When I published the English version of my book ‘The Complete Project Manager‘, I often remembered it: the eight weeks in which I locked myself in a castle near Doetinchem to write the Dutch manuscript for that book. It was an idea of my wife, who realized that otherwise, I would only be working on that one project all the time. Because that book, that’s what just had to be done. I wanted to share with others the experience I have built up over the years in a world that is not the easiest to manage.
In that castle, I tried an iron discipline. If I would write five pages every day, I would be able to cover half of the book at the end of the period, I had calculated. Of course, this was sometimes difficult when the other guests went for a beer after dinner together and I hadn’t finished my five pages for that day. But the rhythm, that heartbeat, actually felt good. And this way, I kept it manageable: because the goal remained accessible, I succeeded.
And now, there’s the English edition. So cool!
What has always helped with this book, but also in my normal work, is that I don’t see any barriers between technology and creativity. Actually, my first band was also my first self-directed team. The creative process we went through each time, in the former student bunker in Eindhoven, also had to do with achieving goals. With 120 beats per minute, that’s for sure.
A creative process in 120 beats per minute
In my work as a project manager, the number of beats is somewhat lower, but I make sure that the pace remains high. We use the best theories, but continue to test them in practice. Speaking of theories, nowadays there are so many management theories that as a project leader you often can’t seem to find the right one. Agile, Scrum, Lean, traditional waterfall, Six Sigma, the Spotify organizational model, you name it. They all have their advantages, but also their limitations. And you can also come across them in parts joined together, especially now that cooperation between different disciplines is the norm. By understanding the theories and linking them to the language of your audience, you can break down walls and give the collaboration a boost. That’s something I already noticed when I was still at DAF. At one point, a whole ditch of people came in who had first worked at Fokker. In principle, they had learned the same profession as we had at DAF but at the same time they were used to a completely different dynamic and selection process. In plain words: in the aeroplane industry, there is no emergency lane to which your product can swerve in the event of a breakdown…

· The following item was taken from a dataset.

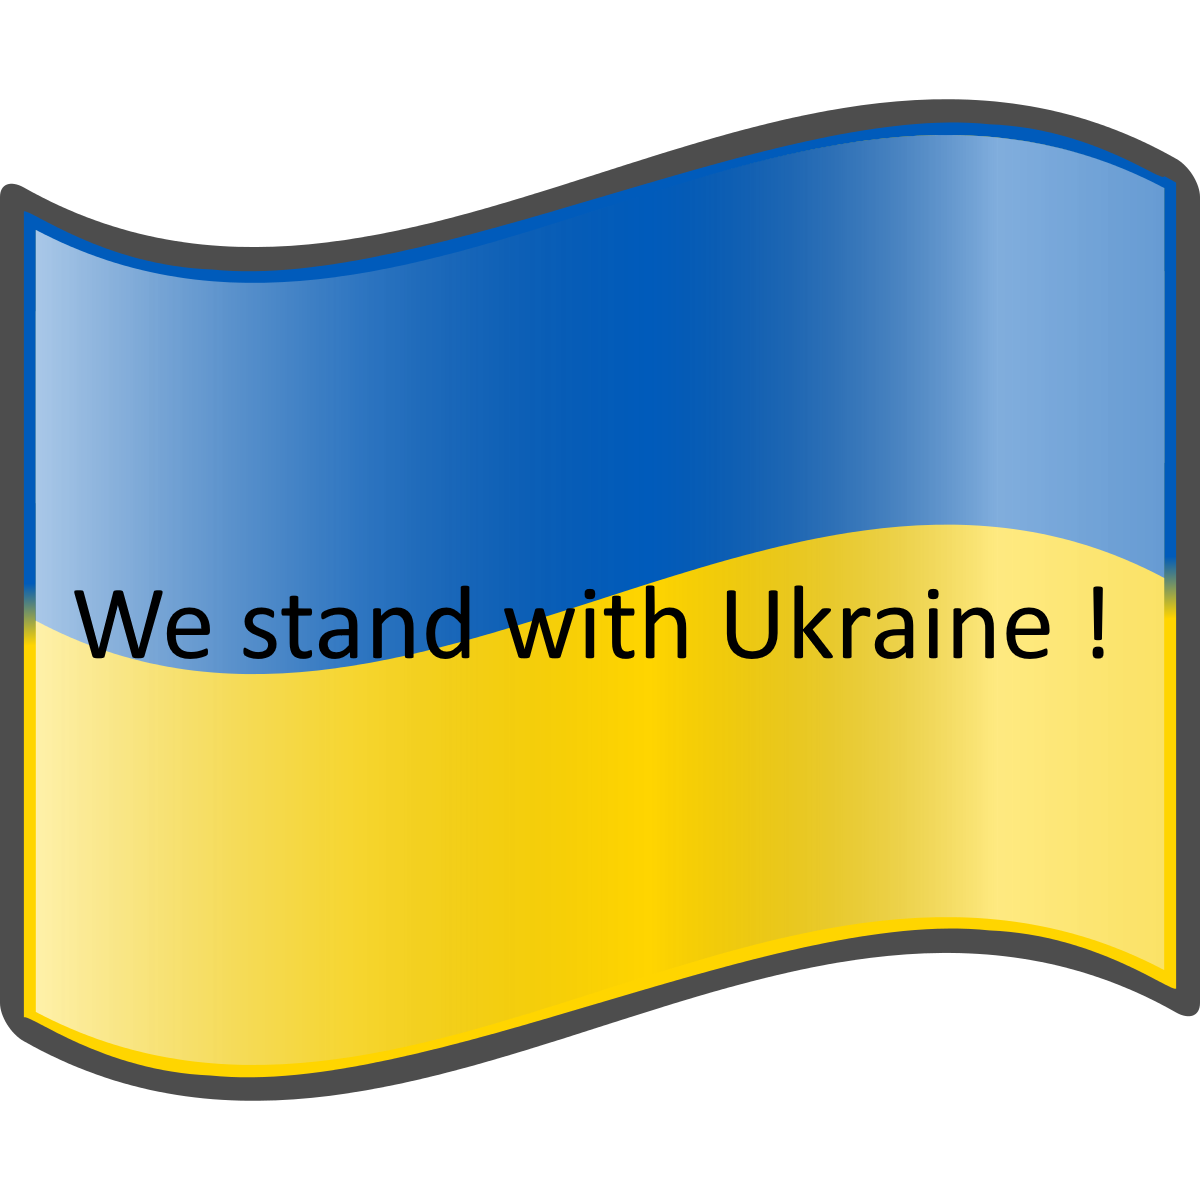 We stay with Ukraine

In the case of knowledge workers, with whom I have worked together a lot at High tech Campus Eindhoven, this ‘language problem’ between disciplines also plays a prominent role. And they are all, just like me, very stubborn. So I had to look for a common language that doesn’t deter them but still touches them. For me, that led to finding and understanding the essences of successful project management: the power of action, thinking like TomTom, cutting up until you understand, chasing the heartbeat and preventing the blind check. That’s all there is to it. These essences provide clarity but also give freedom because you can apply them using your own style. And that’s relevant because it’s real: to do is much more important than the chosen method. A professional is successful both with a modern Agile approach and with any traditional method because he always knows how to apply the essences.
What do you do, for example, if the client is difficult to approach during a project? In traditional projects, the project manager then has a problem. If you work in a Scrum team, which has a number of great aspects, then the problem simply shifts to the product owner. He or she has to solve it and you never read anything about that in all the books about Agile and Scrum. No matter how you look at it, in the end it’s all about showing leadership. Self-organization in teams is not about less management, but about individuals taking on this responsibility. In modern organisations, everyone has to play a bit of a project leader and that can be tough for some.
In the end it’s all about showing leadership
Despite all the new methods, it has not really become any easier. But if you look into it in greater depth, the new frameworks do offer a lot of support. I like to compare Agile behaviour with that of a skipper on a sailboat: the sailor who knows how to make the best use of the available wind wins the race. Agile thinking is about dealing flexibly with the circumstances, not resisting them and getting the most out of them. There’s no magic involved. You ‘only’ have to show action towards your environment, as TomTom thinks in scenarios, cut up things you don’t understand and let yourself be supported by a fixed heartbeat rhythm of planning, doing and testing. That’s how everyone stays connected much more!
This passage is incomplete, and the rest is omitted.